New guidelines bar ‘sensitive' nuclear exports to countries outside the NPT ...
25 June 2011
The Hindu
NSG ends India's 'clean' waiver
Siddharth Varadarajan
New Delhi: The Nuclear Suppliers Group (NSG) on Friday adopted new guidelines on the transfer of sensitive nuclear technology that will effectively nullify the “clean” waiver India received from the cartel in 2008 as far as the import of enrichment and reprocessing equipment and technology (ENR) is concerned.
The decision was announced from Noordwijk, the Netherlands, where the 46-nation grouping held its 2011 plenary meeting. The NSG “agreed to strengthen its guidelines on the transfer of sensitive enrichment and reprocessing technologies,” a formal statement blandly noted.
Though the guidelines have not been made public yet, the draft text makes it clear that the group will exclude countries which are not signatories to the Nuclear Non-proliferation Treaty and which do not have a full-scope safeguards agreement allowing international inspections of all their nuclear facilities.

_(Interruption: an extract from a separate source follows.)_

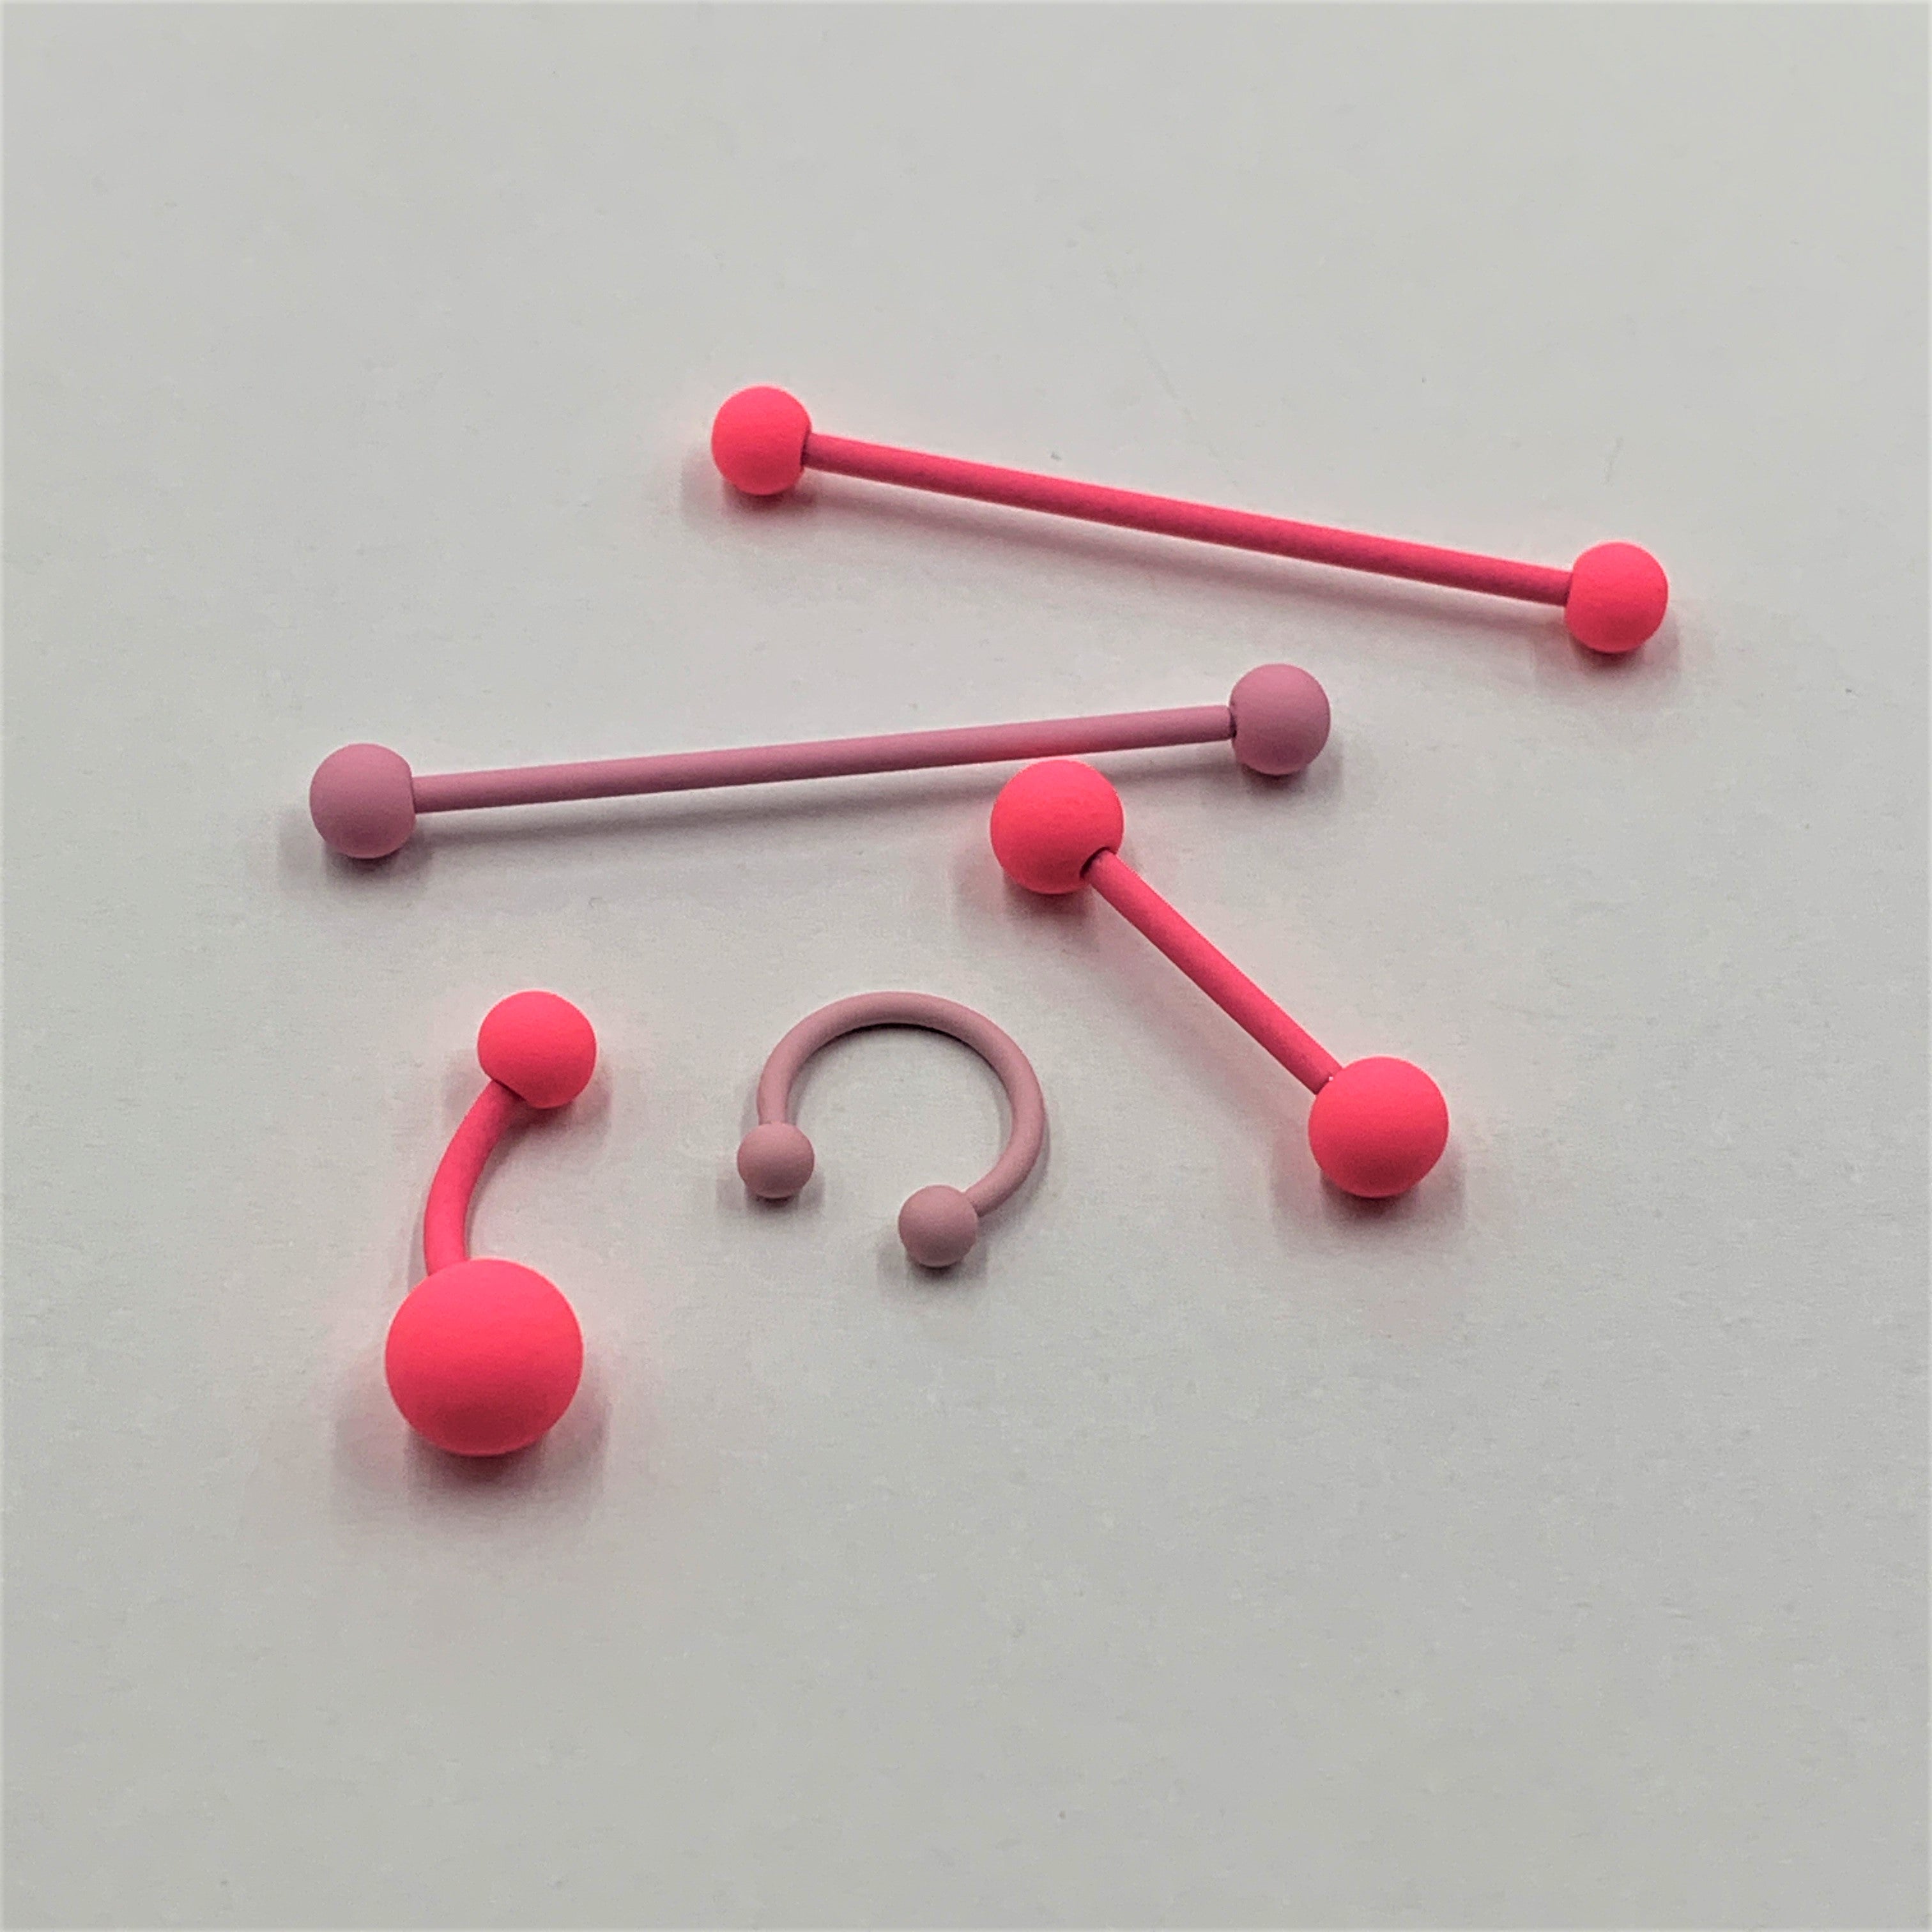 16 Gauge Punk Rock Safety Pin Industrial Barbell 38mm - Surgical Grade Stainless Steel Barbell Industrial - Body Candy

Prior to this, the NSG had a catch-all requirement of full-scope safeguards — in paragraph 4 of its guidelines — for the supply of any nuclear equipment or material.
The only additional requirement for ENR exports — as contained in paragraphs 6 and 7 of the guidelines — was that the suppliers were asked to “exercise restraint” and to ensure that any supplied equipment or technology not be used to enrich uranium beyond 20 per cent.

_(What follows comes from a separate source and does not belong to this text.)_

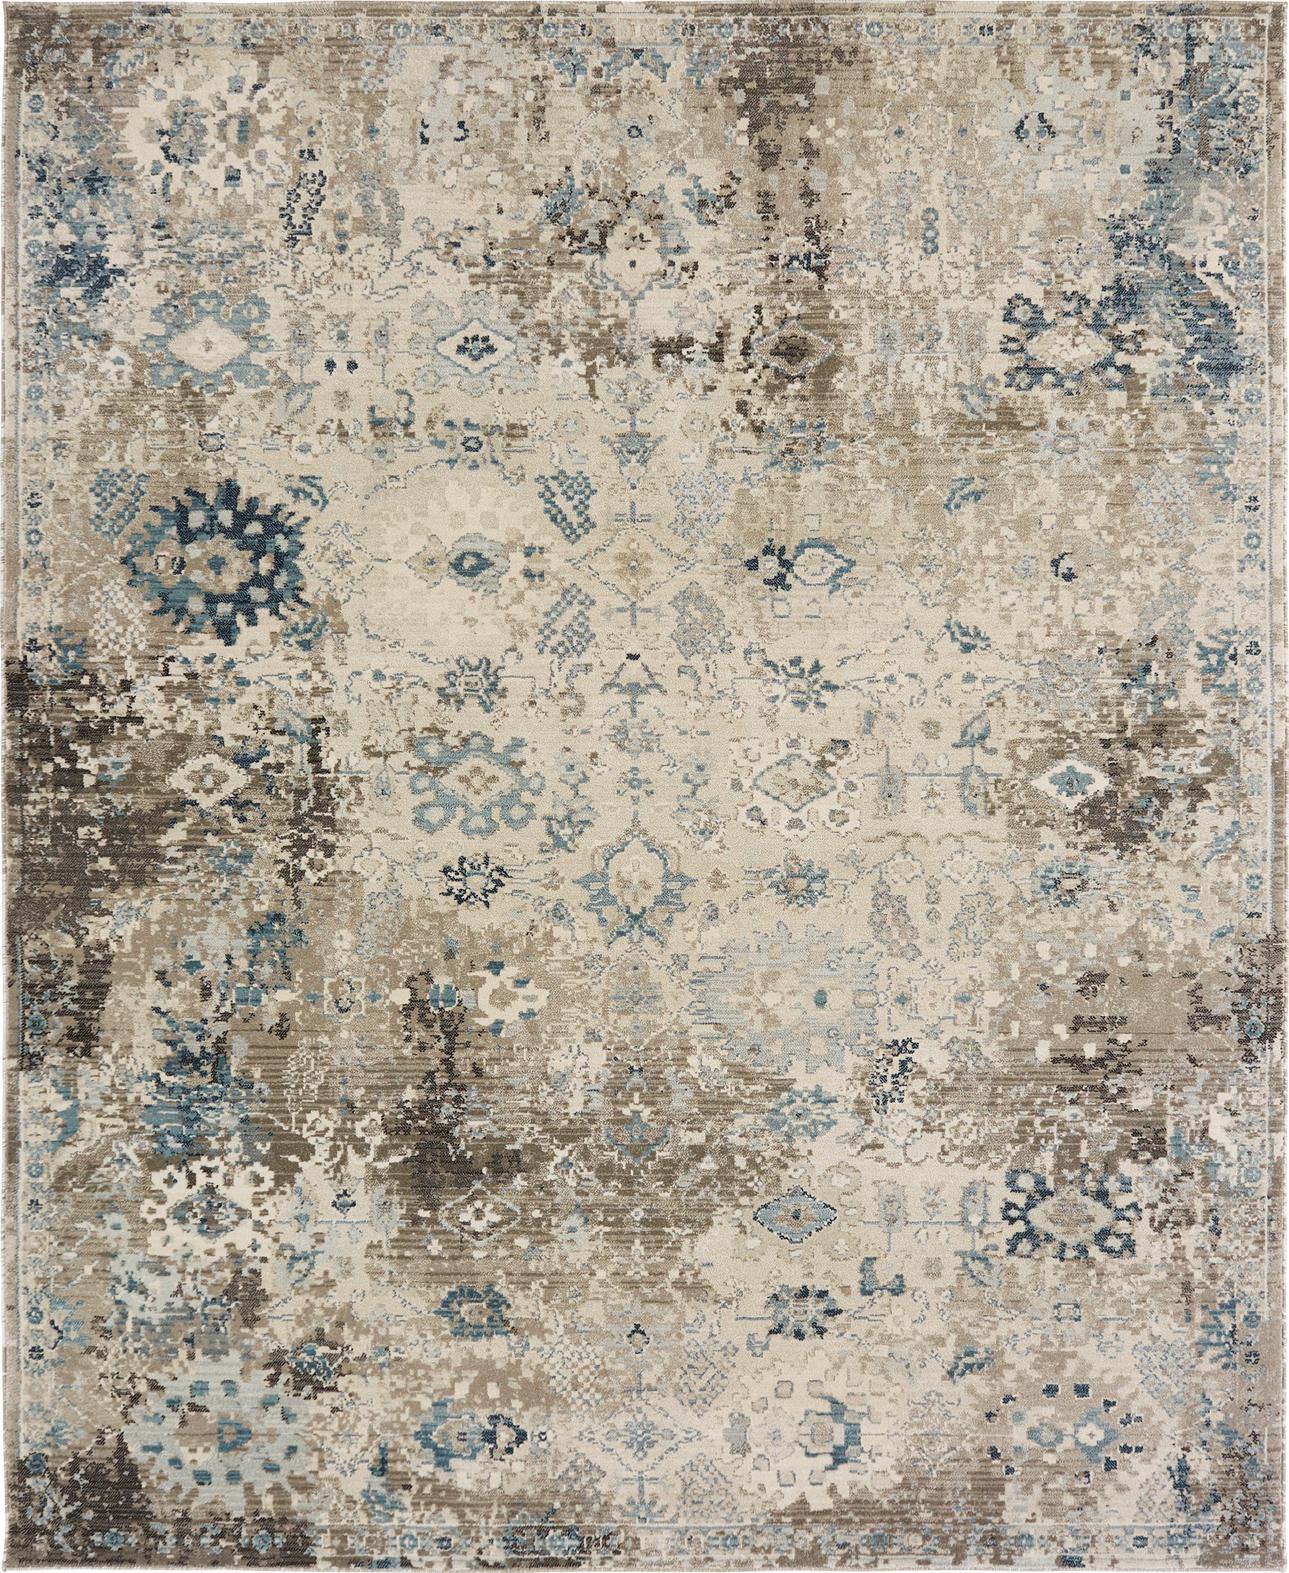 Hand Loomed Wool Blue Dk Contemporary India Rug 9' x 12'

The NSG's September 6, 2008 ‘Statement on Civil Nuclear Cooperation with India' waived the full-scope safeguards requirement of paragraph 4 and expressly allowed ENR exports, subject to paragraphs 6 and 7. In adopting its waiver, the NSG said it was acting “based on the commitments and actions” on non-proliferation undertaken by India.
But on Friday, the cartel tore up that bargain, adopting a new paragraph 6 specifying objective and subjective criteria a recipient country must meet before an NSG member can sell ENR to it. The very first of these is NPT membership.
Since all nuclear exports to the only other countries outside the NPT – Israel, Pakistan and North Korea – are already prohibited by paragraph 4, this provision in the guidelines was expressly designed to target India, to which the restrictions of that paragraph no longer apply.
When the U.S. first floated the guidelines in November 2008, Indian officials privately complained that the NPT provision would amount to a “rollback” of both the NSG waiver and the fundamental American commitment to ensure “full civil nuclear cooperation” with India.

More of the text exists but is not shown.